Хая решительно взбирается на импровизированную эстраду и картаво и хрипло исполняет «Широка страна моя родная!».
В зале хохот ». Михоэлс смеется больше всех.
« Как твое имя?
– Лева.
– Почему ты, Лева, хочешь стать актером?
– Потому что они поздно встают ». (Наталья Вовси-Михоэлс)
Такие истории у нас в крови. Приходит в Союз писателей человек с толстым портфелем.
– Присаживайтесь, – прошу. – Кто вы?
– Коллега Иосифа Бродского.
И тут же без паузы спрашивает:
– Знаете ли вы писать в рифму?
Думаю: «Если его письменная речь отдаленно напоминает устную, – быть ему писателем года».
6– Как жаль, что нельзя убежать из жизни, когда ты молода!
Как все мы потешались над возрастом! Кто-то из стариков упал за кулисами. Сломал… переносицу. Тут как тут актер, который всегда попадал в какую-то злую точку. Уже всем рассказывает: «Слыхали? Слыхали? Муж актрисы Р. девяносто двух лет, упал и сломал себе… нос. Актриса Р. опасается, что это может обезобразить его на всю жизнь…»
Смеемся, смеемся.
Вдруг:
– Ты Этель? А я директор театра – Беленький… Слушай, только не принимай всерьез все, что я скажу. Михоэлс хочет попробовать тебя на роль.
– Какую?
– Рейзл в «Блуждающих звездах».
– Что такое «Блуждающие звезды»?
– Двое влюбленных из романа Шолом-Алейхема.
В труппе Гоцмаха «звезда» – Лейбл; в труппе Щупака и Муравчика «звезда» Рейзл. Лейб и Рейзл любят друг друга…
– Так почему же они не встретятся?!
– У их счастья – две левые руки. В общем, если не получится – не переживай…Зовет Михоэлс:
– Помнишь… мелодию?..
Поет.
– Так… Теперь я дам тебе три слова.
– Какие?
– «Почему ты наш отец, почему, ведь, кажется, отец, ай-яй-яй!» – подсказывает Михоэлс мелодию.
И она сочиняет песенку, которая останется в спектакле навсегда!
Сам роман прочла ночью. За ночь до вызова в театр. Обычно спала в тетином кабинете. Диван кожаный, засыпала мгновенно.
– Спать нельзя!
Зажгла огромную лампу и за ночь прочла весь роман.
Тетя кричала:
– Что ты делаешь, хочешь израсходовать месячный лимит?
Теперь она знала, что происходит. Лейбл и Рейзл полюбили друг друга еще в местечке, но встретиться им не суждено, так как гастроли двух трупп не совпадают.
О, как ей хотелось, чтобы они встретились!.. Начинает песню, и вдруг все у нее превращается в молитву.

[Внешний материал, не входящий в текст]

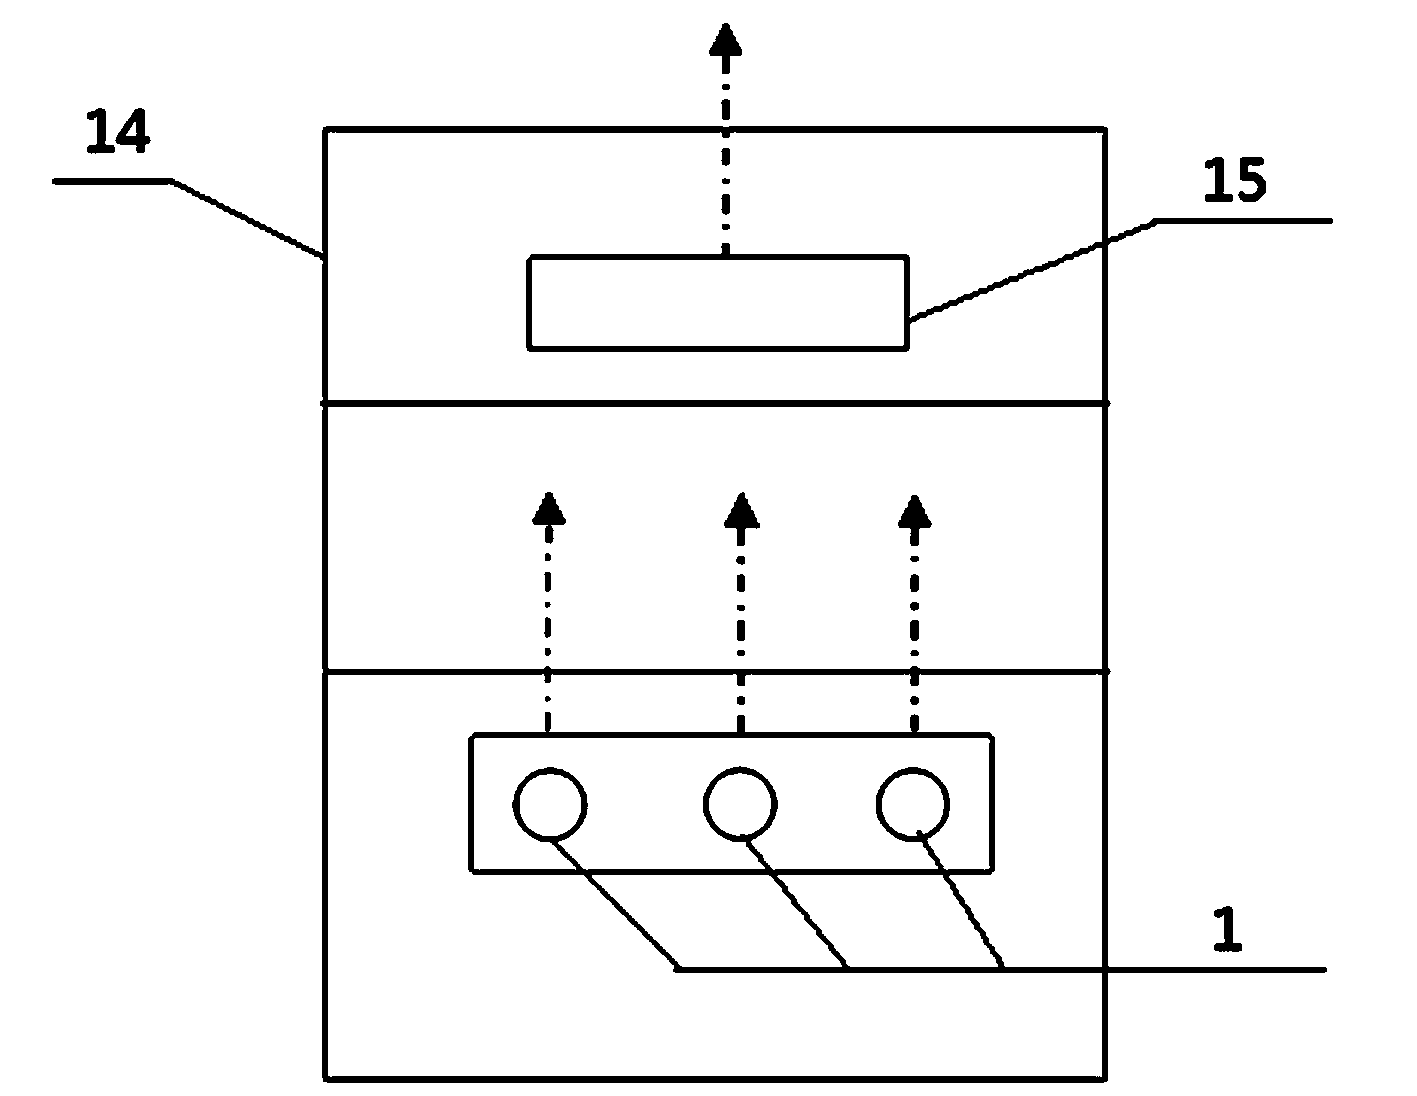 On-line temperature measuring device for monitoring connecting portion between ring main unit and 10 kV cable head

Она обращается к небу. К Богу. Разговаривает с Богом. Бог для нее стал отцом, которого дал ей Михоэлс.…Поднимает руки вверх. Руки у нее красивые, не надо их ставить, природа поставила, и слово пошло вверх, вверх, вместе с руками и песня как бы сама выходила из нее.

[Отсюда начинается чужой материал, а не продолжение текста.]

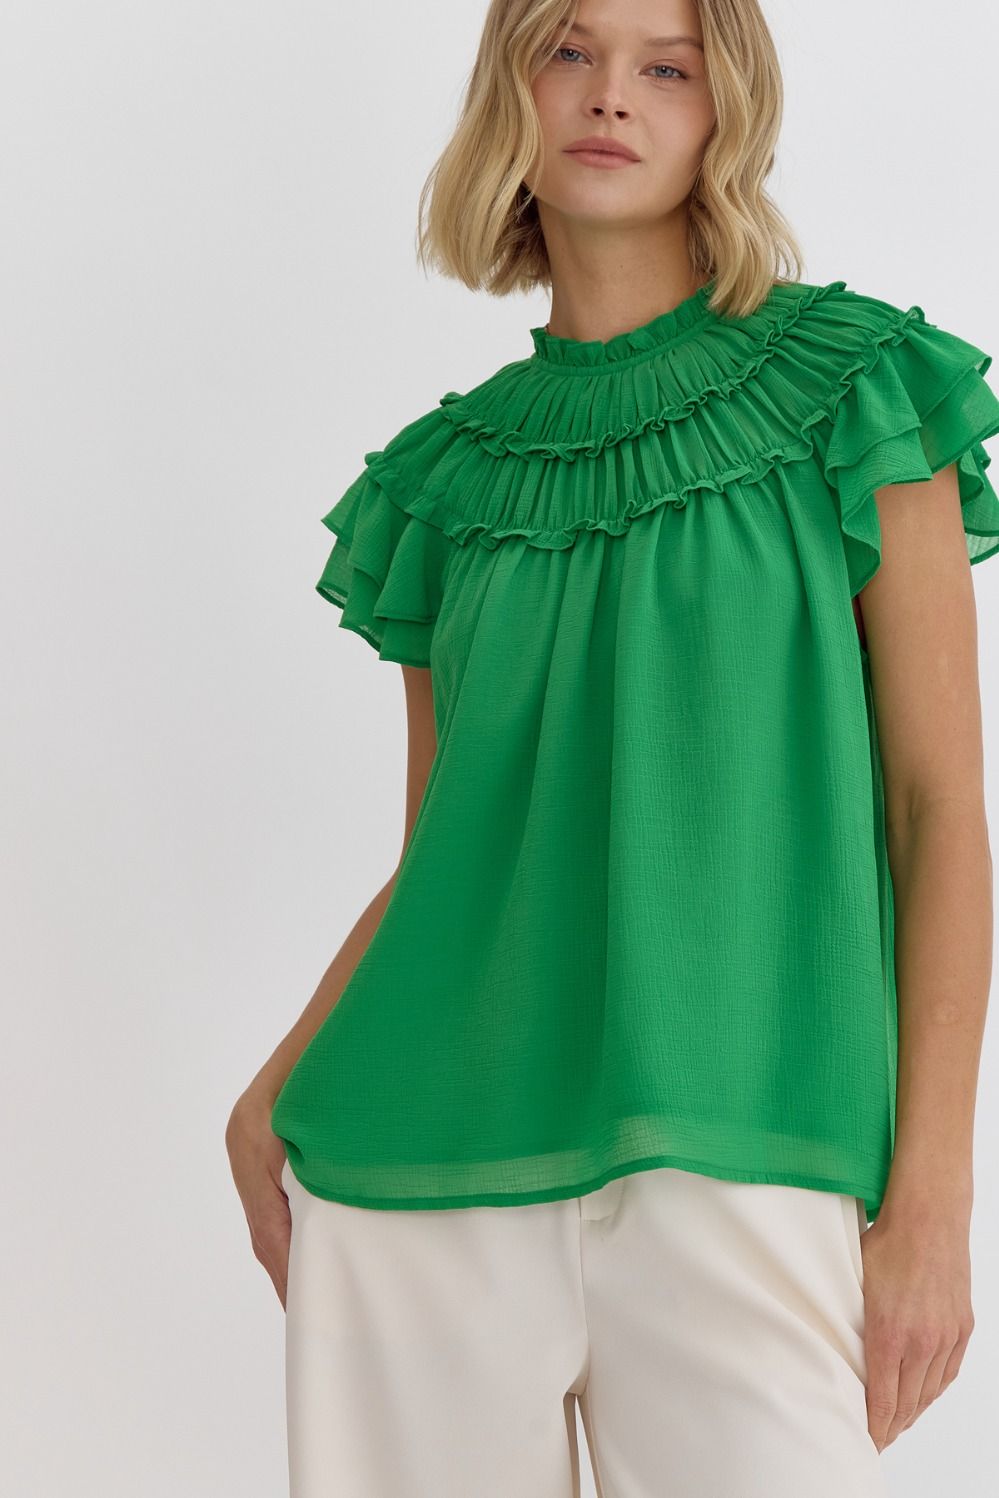 ENTRO INC Women's Top GREEN / S Pleated Ruffle Short Sleeve Top || David's Clothing T23160

Сама удивлялась: не играет – живет…
Михоэлсу только это и надо.
На его глазах рождается знаменитая песня. И вот уже крики:
– Бис! Браво!
Буря аплодисментов…
Песня заканчивалась вопросом. Видимо потому, что в вопросе всегда больше правды, чем в ответе. Все народы говорят: «Да!» – а евреи вместо восклицательного знака ставят знак вопросительный: «Да?», между прочим, очень похоже на «Нет». Это Михоэлс считал, что интуиции у нее больше, чем таланта…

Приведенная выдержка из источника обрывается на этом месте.